One excellent approach to this is to use user-generated content in the form of competition entries and similar – once you’ve earned your community, you can ask for more than just their investment of money; their time, creativity and energy can be harnessed too to create brand advocates that keep your project alive.
Other considerations: Your Team
Essential members: The founder and C-level executives:
Founder – the ultimate stakeholder, there to bring the passion and direction to the project
CEO – a business leader who owns the project from start to finish
CMO – someone who can really speak to your audience
CTO – the personal building the product
You might later expand into having a Chief Operating Officer, Chief Revenue Officer or other C-level executives.
Nice to haves:
Writer – content remains king, and you need writers that can publish quality content regularly
Designer – branding is an important differentiator between emergent projects
Videographer – ideal for creating engaging content for social media
Community manager – someone who can establish the value chain between project and audience
Other considerations: Macroeconomics & regulations
Cryptocurrency has often been called a Ponzi scheme and compared to the dutch tulip mania of yesteryear, but one thing is clear – it is here to stay.
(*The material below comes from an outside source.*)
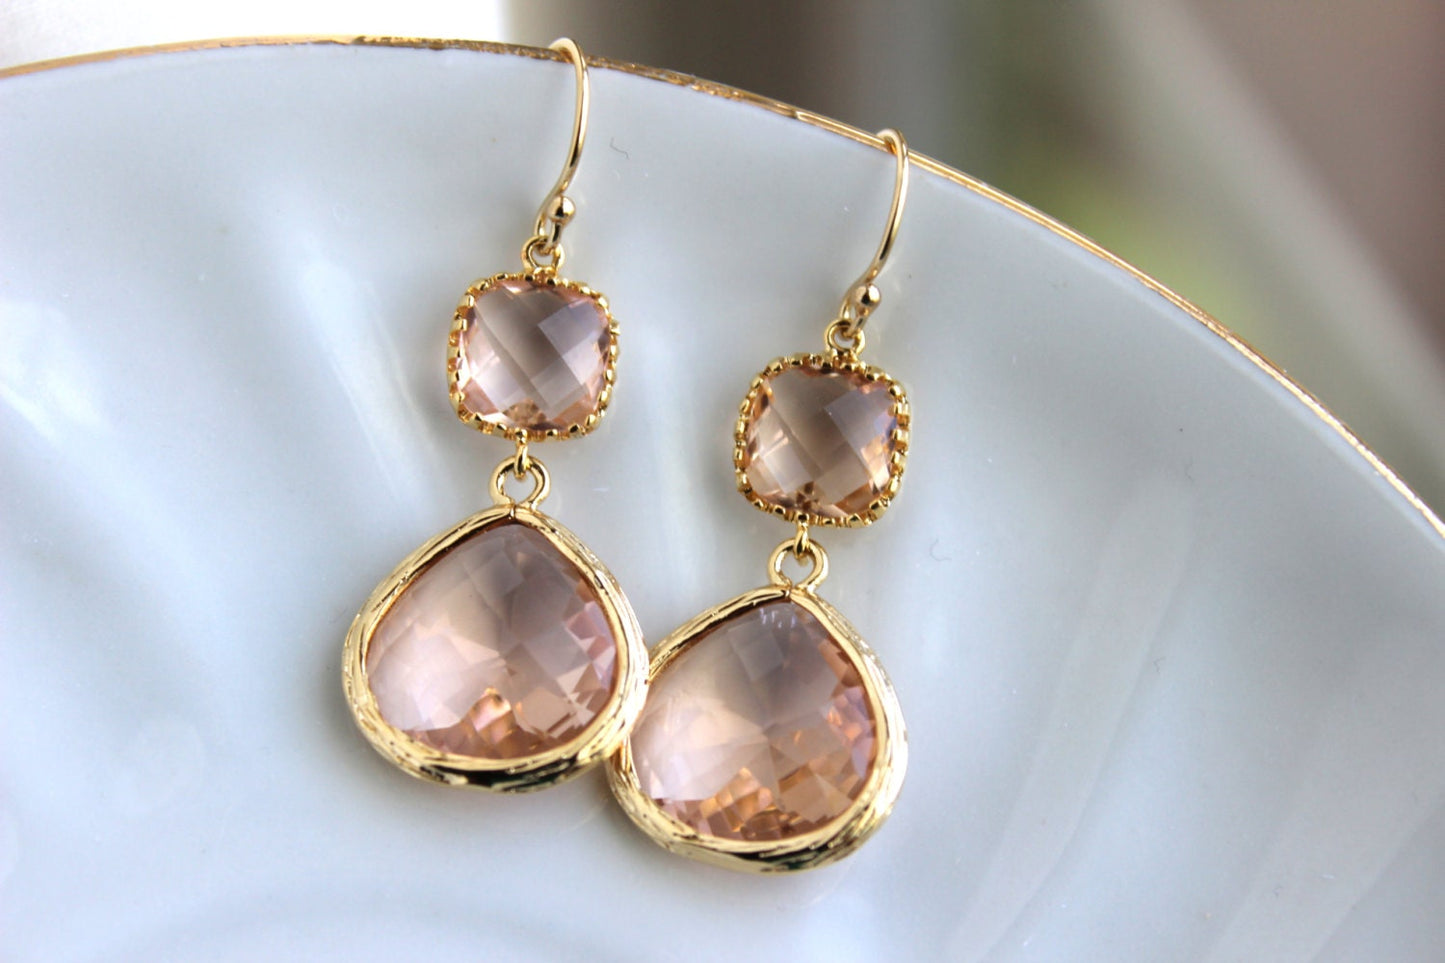 Gold Large Champagne Blush Earrings Peach Pink Jewelry - Two Tiered Earrings Blush Bridesmaid Jewelry - Peach Pink Wedding Jewelry

That being said, it isn’t unaffected by macroeconomic issues like war, famine, disease and the machinations of market whales.
One needs a good understanding of the fundamentals of the blockchain, cryptocurrencies and the emergent web3 to understand how trending events can impact price volatility and there are many excellent books and resources on this subject; DYOR.
It’s 2022 and we’ve seen a lot of crackdowns on mining and several attempts to regulate cryptos — mostly focussed on stablecoins — along with some countries fully embracing the opportunity represented by decentralised finance and web3.
As more and more governments look to implement Central Bank Digital Currencies, it seems unlikely they will want to compete and will rather attempt to assimilate – one to watch very carefully indeed.